Difficulties, the telegram had said. What difficulties, other than the approach of death, could there be after what they’d endured together, after the torn bodies they’d tried to repair? Yes, he had lent Dare money, but that was nothing to the help the man had given him at Antietam. That service had changed Anson Baird’s idea of himself, had brought him face to face with the fundamental questions of honour and justice. Yet as the long shriek rose and fell again, the word “difficulties” reeked of blood and chloroform and deceit. No war ever ends, Anson thought, seeing Odysseus, hooded and plotting, as he returned to his home ten years after the fall of Troy. But Anson was no Odysseus. Dare was not his son, there was no Penelope, no kingdom. The only parallel was the memory of death and the palpable sense of violent change. Cold sweat formed on Anson’s temples. Slowly he brought his feet down to the bare wood floor and stared at the window.
This darkness had a weight unlike anything he’d experienced, yet it was disturbingly familiar. He didn’t want to know why, but the answer drifted to him through the thin opening between the glass and sill, one word like a light-dazed moth: Dare. Anson rubbed his eyes, could almost feel the blood slosh behind them. He stood and began to pace.
“O mihi longae maneat pars ultima uitae, spiritus et quantam sat erit tua dicere facta!”

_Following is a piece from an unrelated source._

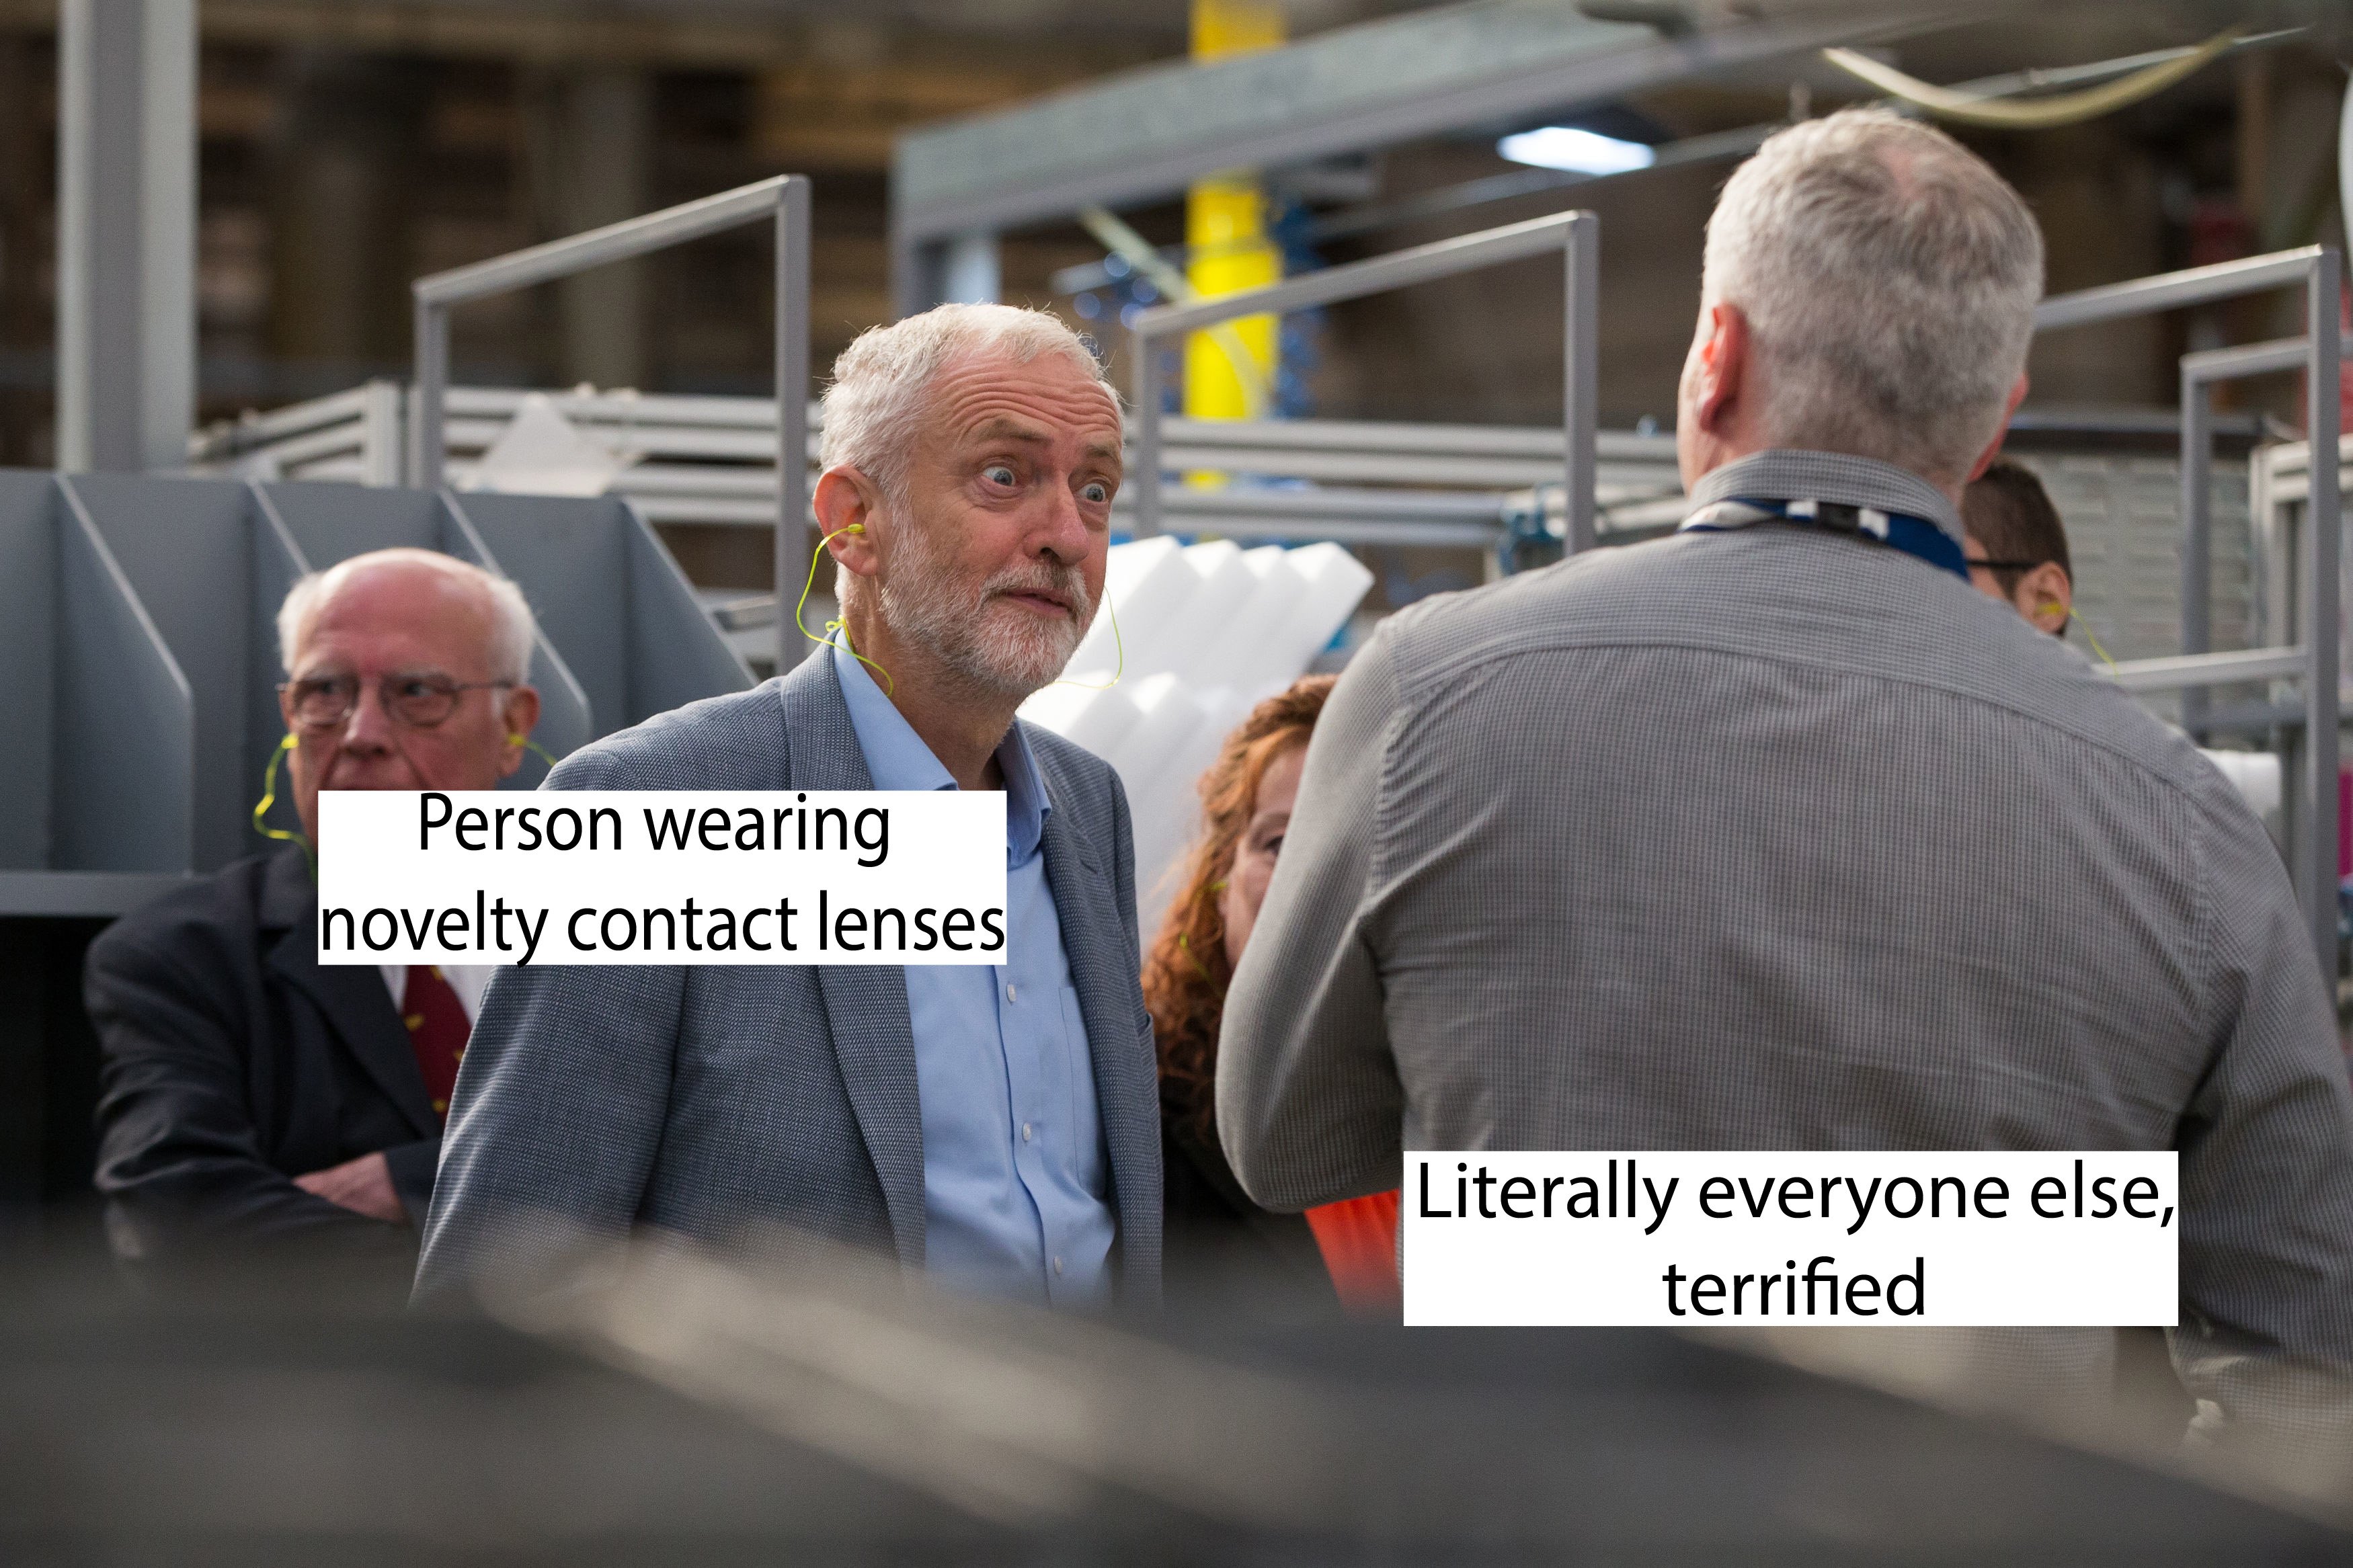 Corbyn looking at someone with beady eyes

But recitation was futile. The ancient language wore blood- and pus-stained dressings, and each word dropped on the cold wood like an amputated limb. Anson stopped before the window. As he stared through it, he thought the glass might shatter any moment. Out of old habit, he reached into his pocket for a bottle of opium pills, but he had not taken opium for years. The struggle to stop, for his wife’s sake, had almost killed him, but Anson had not savoured the drug in this way for a long time, not even after Elizabeth’s death, when grief so easily could have weakened his resolve.
He remained at the window and watched the sky turn pink over a blue-black mountain range to the north. He stood until his feet ached and the cattle of the Lansdowne brothers began to low in the fields. A terrible familiarity had wrapped itself around his heart.
Dare. It was, after all, a false name, the name of a dead farm boy that Anson had given, out of an impulse he’d never regretted, to a runaway slave fortunate enough to look white. Dare. The name dropped from Anson’s lips just like Latin, a word in a dead tongue. He wondered why the household did not wake at the sound. Anson closed his eyes as light moved swiftly over the river and marshes.
When the air greyed outside the window and the first pips of bird-sound drifted up from below, Anson could bear it no longer. Moving quietly, he put on his coat and boots, tiptoed down the hall past the Lansdowne’s bedroom, walked softly down the stairs to the front door, and left the house. Outside, the musky smell wrapped him like a buffalo robe. Other than the intermittent lowing of cattle, bird pips, and river trickle, the pre-dawn was silent. Anson negotiated his way through the muddy field to the dew-slick gangway, walked to the edge of the wharf, and looked at the river. It was very broad, several miles across; he could see nothing but water. The agent had explained, in his boosterish manner, that millions of salmon swam right past this very landing on their way inland to spawn—a man could throw a net off the wharf and fill it in minutes during one of the big runs. And this year, he had said, a glint in his eyes, was expected to be very good indeed; there was no telling how many fish might choke the river.